Related: Kroger, Albertsons to divest with C&S Wholesale Grocers to advance merger
The amended divestiture package responds to concerns raised by federal and state antitrust regulators regarding the original agreement, according to a news release. The enhanced divestiture package includes a modified and expanded store set and additional nonstore assets to further enable C&S to operate competitively following the completion of the proposed merger.
The amended divestiture package will bolster their position in regulatory challenges to the proposed merger, including pending court proceedings, according to Kroger.
"We have reached an agreement with C&S for an updated divestiture package that maintains Kroger's commitments to customers, associates and communities, addresses concerns raised by regulators, and will further ensure that C&S can successfully operate the divested stores as they are operated today," Kroger Chairman and CEO Rodney McMullen said in the release.
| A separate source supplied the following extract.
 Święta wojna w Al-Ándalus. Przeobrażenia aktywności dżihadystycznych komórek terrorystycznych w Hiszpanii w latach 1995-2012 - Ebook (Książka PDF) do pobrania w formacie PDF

"Importantly, the updated divestiture plan continues to ensure no stores will close as a result of the merger and that all frontline associates will remain employed, all existing collective bargaining agreements will continue, and associates will continue to receive industry-leading health care and pension benefits alongside bargained-for wages," McMullen added. "Our proposed merger with Albertsons will bring lower prices and more choices to more customers and secure the long-term future of unionized grocery jobs."
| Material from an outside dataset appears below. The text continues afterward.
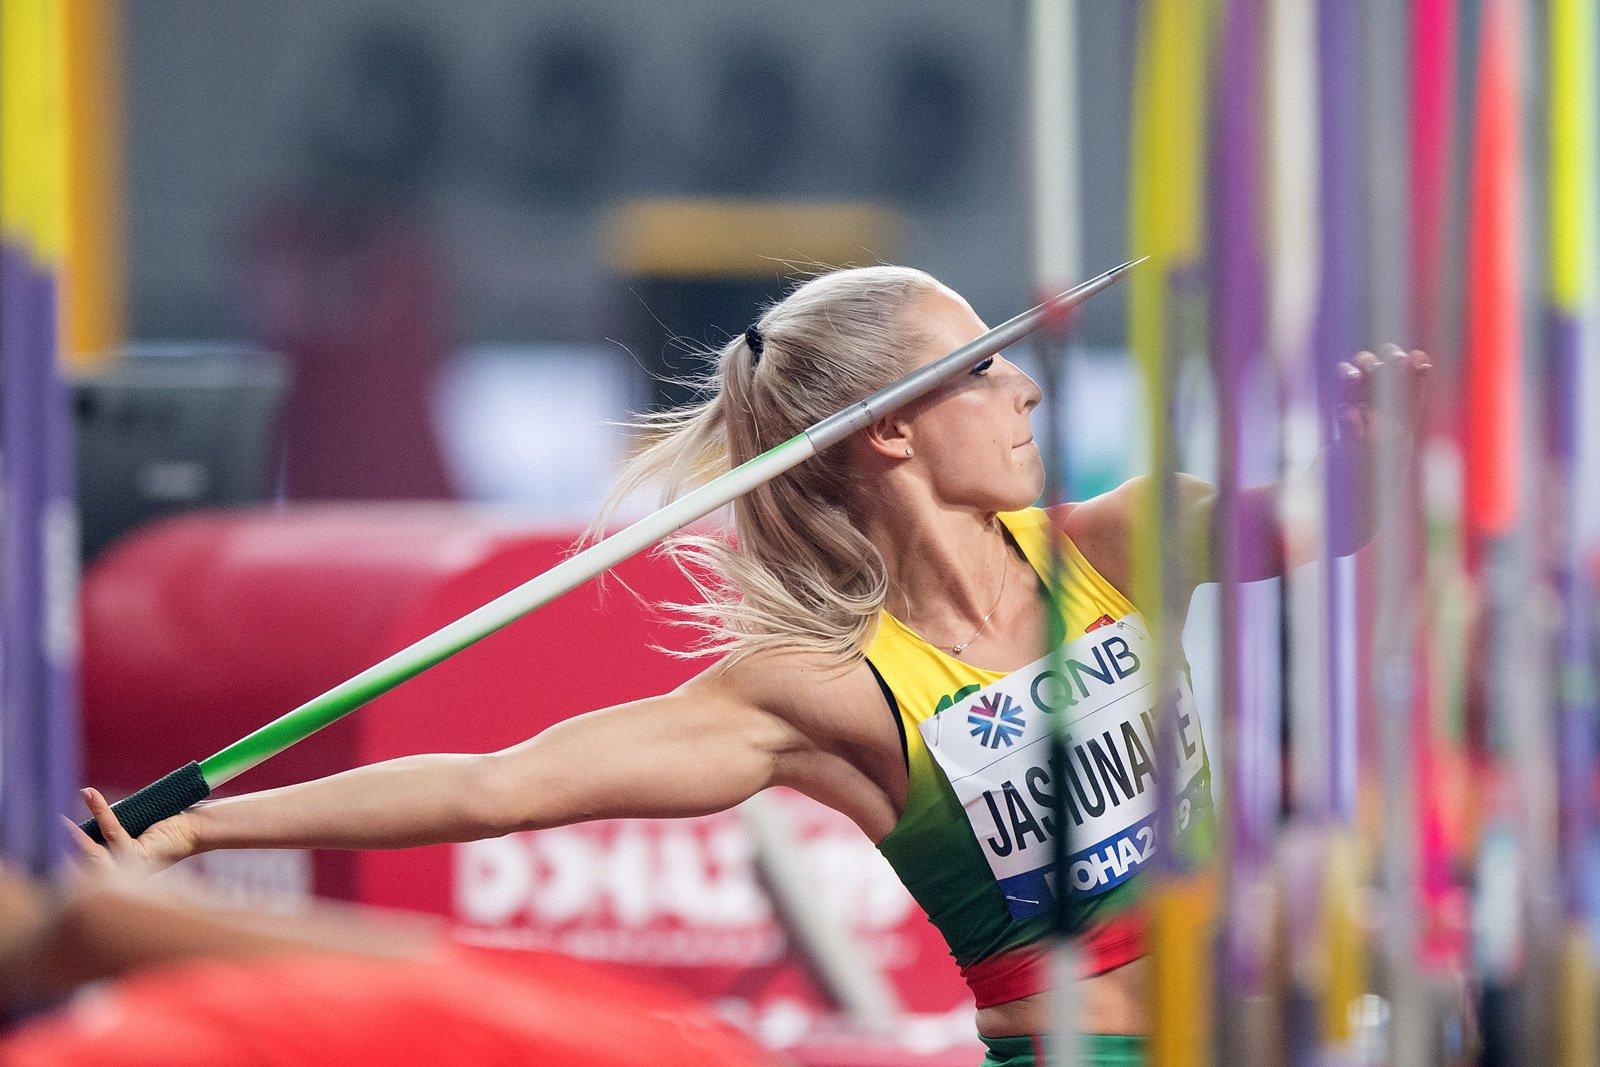 Penktadienio lietuvių olimpiečių startai: ieties metikės laukia finalas, o penkiakovininkės atliks paskutines rungtis

Kroger says the proposed merger will create "meaningful and measurable benefits" for U.S. consumers, Kroger and Albertsons associates, and communities that both companies serve by expanding access to fresh, affordable food and "establishing a more compelling alternative to large, non-union retailers."
Related: FTC files lawsuit against Kroger-Albertson merger
"We are confident this expanded divestiture package will provide the stores, supporting assets and expert operators needed to ensure these stores continue to successfully serve their communities for many generations to come," Eric Winn, CEO of C&S Wholesale Grocers, said in the release. "C&S is a leader in the grocery industry, and we are excited for this expansion of our current retail business, which is a key part of our long-term growth strategy. We look forward to welcoming storied banners, quality private label brands, and a team of experienced retail associates into the C&S family. This amended agreement enables C&S's heritage of selection, value and customer service to continue our legacy of braggingly happy customers."
Transaction details
The updated divestiture package increases the total store count by 166 to include 579 stores that will be sold to, and continue operating as they do today by the new owner, C&S.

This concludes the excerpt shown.